Sombras na América Latina
Pedro J. Bondaczuk
O assunto referente à miséria no Terceiro Mundo,
embora sempre desagradável (devemos admitir), precisa ser trazido à baila toda
a vez que se possa, para que se cobre uma solução de quem de direito para a questão.
O problema, como se verifica facilmente, não está restrito à falta mundial de
recursos, mas se prende ao egoísmo, à falta de solidariedade, à ausência de um
sentido social de vasta parcela da humanidade. E isto é ruim. Mostra que a
passagem dos séculos imprimiu somente um ligeiro verniz civilizatório no homem.
Em sua essência, ele continua mais fera do que nunca, apegado a coisas sem
importância, como a procura do consumismo desregrado, um poder escorregadio e
uma prosperidade ilusória, em detrimento de valores mais elevados e
permanentes.
Mal são resolvidos alguns conflitos insensatos, em
que seres humanos são manipulados à sua revelia, para satisfazer ambições
hegemônicas de maníacos mergulhados em sua cega paranóia, como guerras
localizadas e revoluções messiânicas, outros são fomentados ou ao menos
esboçados. Bilhões e mais bilhões de dólares continuam a ser despejados nesse
"saco sem fundo" que é o comércio e a produção de armas. Os
poderosos, como se observa, não estão preocupados em salvar vidas, mas em
suprimi-las. Mesmo que aqueles que se vêem condenados sejam inocentes crianças.
Embora o que se esteja sacrificando seja o tão propalado "futuro".
Para nós, da América Latina, embora o assunto
incomode de fato, é mais oportuno do que nunca mencionar e comentar o alerta
feito ontem, na Cidade do México, pelo consultor do Fundo das Nações Unidas
para a Infância (Unicef), Francisco Rojas, de que se algo não for feito, cem
milhões de crianças em todo o mundo estarão condenadas à morte, a maioria por desnutrição,
nos próximos dez anos. E por que nós? Porque parcela considerável desse
contingente "sem esperanças" é da nossa região, uma das que mais
andaram para trás no correr da década passada.

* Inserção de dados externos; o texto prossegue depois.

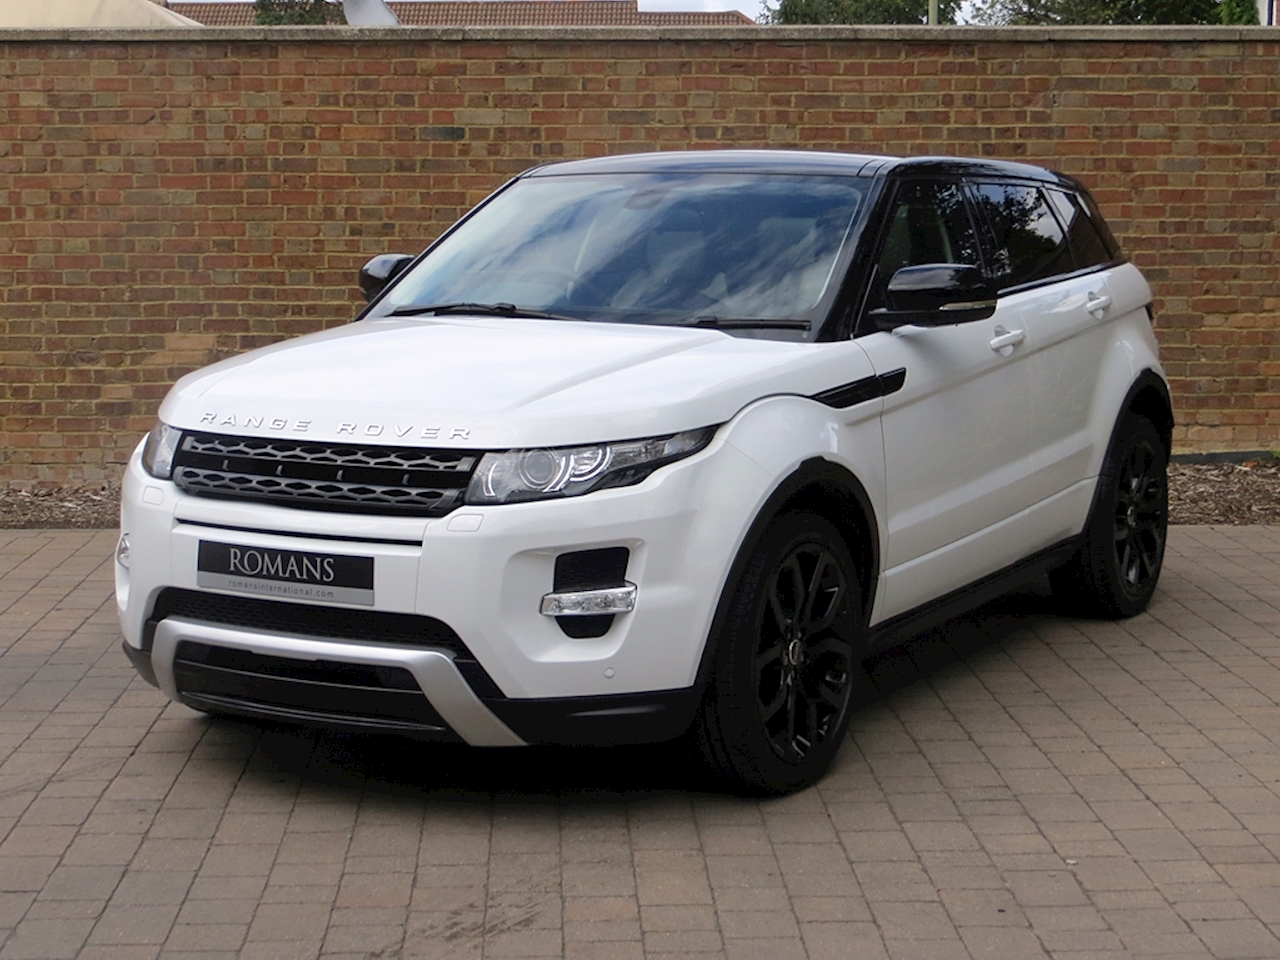 2012 Used Land Rover Range Rover Evoque 2.2 SD4 Dynamic

Pouca, pouquíssima coisa se fez para deter essa
degradação. Enquanto discutimos "o sexo dos anjos", enquanto nos
perdemos em lengas-lengas políticas inúteis, meras fofocas de comadres, a morte
segue ceifando o nosso futuro. As populações latino-americanas aumentam o seu
estado de miserabilidade, sob as vistas complacentes de toda a comunidade
internacional, que nada, ou pouquíssimo faz para impedir essa tragédia. E não é
por desconhecimento. Relatórios sobre o problema são divulgados quase que
diariamente. Na maior parte das vezes, no entanto, passam despercebidos.
Afinal, é a famosa história da pimenta, que nos olhos dos outros, não arde nem
um pouquinho. Ou será que arde, pelo menos neste caso?